There is not an "area" where it is okay to be recording and reporting the truth. There are no privacy laws being broken when journalists want to enter public areas to report the news happening there. If they are putting themselves at risk, if there is danger there, then guess what: that is the journalists' choice, not anyone else's choice. That's their right, and their responsibility.

The public needs access to information if they are to be able to be engaged in what's going on in their own communities. If the news staff can't have access to the news, or are intimidated from reporting it, then who will keep the public informed?

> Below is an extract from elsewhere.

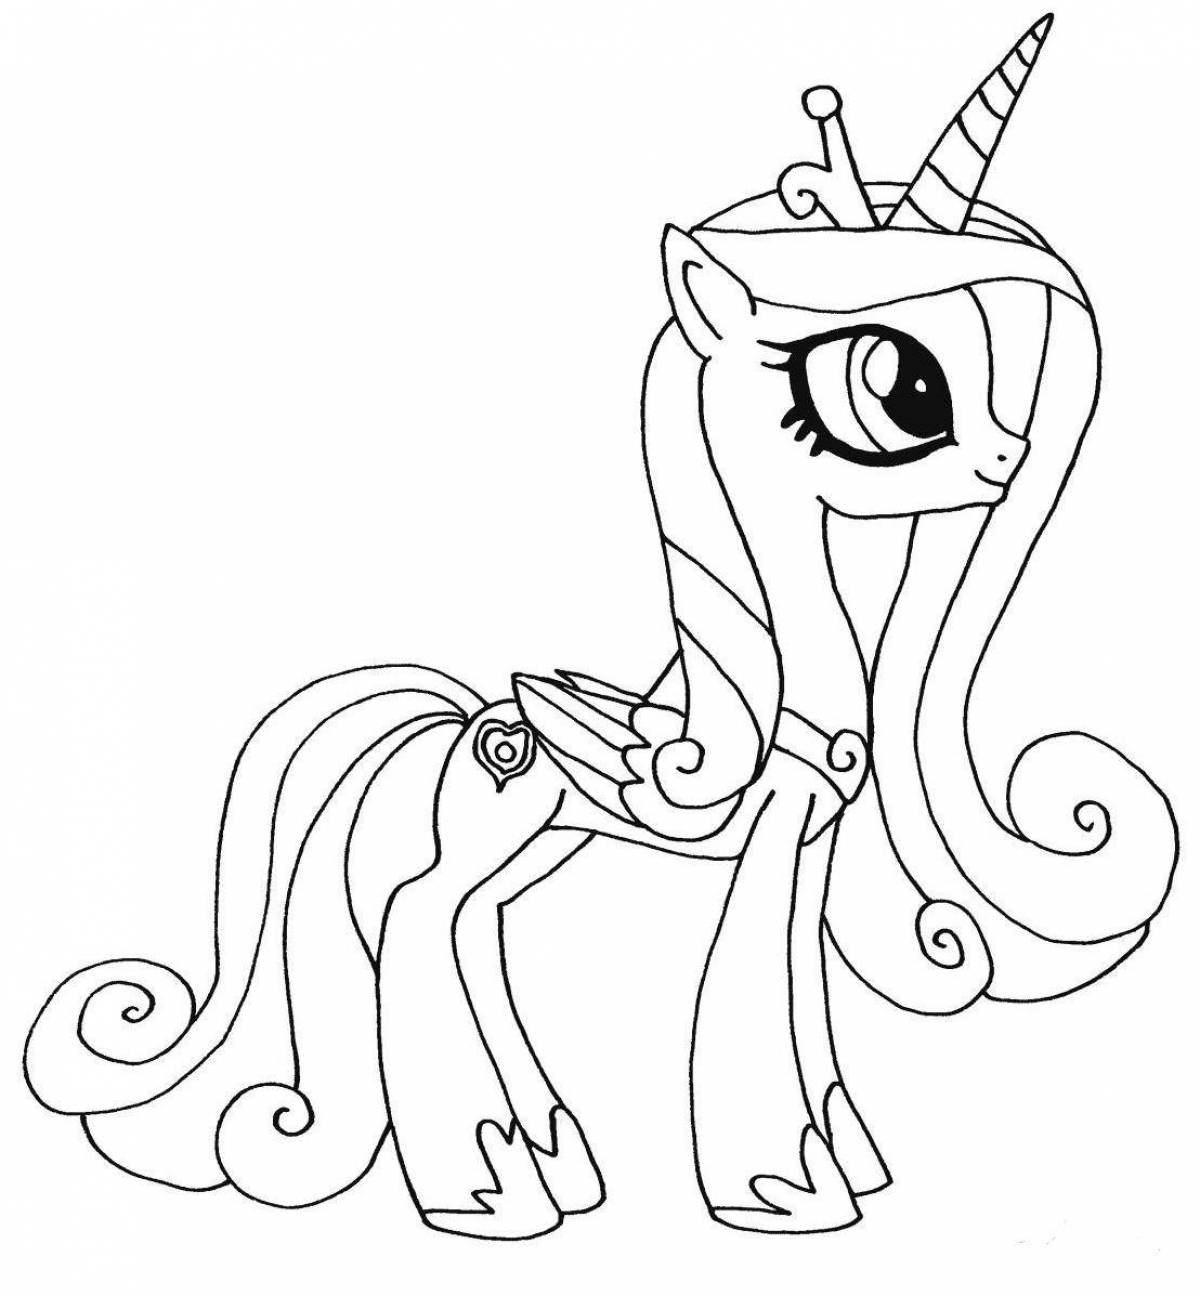 My little pony princess's coloring book

As a citizen journalism news source, we at The Rapidian stand behind our fellow journalists, professional and otherwise. As the Community Media Center, we stand firmly in the belief that free speech is our bedrock, and we- along with all of the others pronouncing #jesuischarlie around the world- believe that though this bedrock may seem to have been shaken recently, it will not be moved.

In fact, as the dust settles, we find our foundation is even stronger than before.

We stand up and demand justice. We work together to provide access to platforms where our local citizens can be heard as they exercise their free speech rights. This is why we are here.

This is why we, The Rapidian and our parent organization the Community Media Center, exist.

Nous sommes Charlie.

This fight is not over.

Keep up the good fight, journalists and all who speak truth to power. May all of us be more aware of the importance of free speech and full access to information and a strong supported journalistic practice. Democracy crumbles without her.

Free speech has been embroiled in a rough fight for the past few months, but we are not deterred. To the contrary, the more some try to remove our rights and deny us access to our work, the more we realize the importance of the responsibility we hold.

We are empowered by the attempt to remove our power.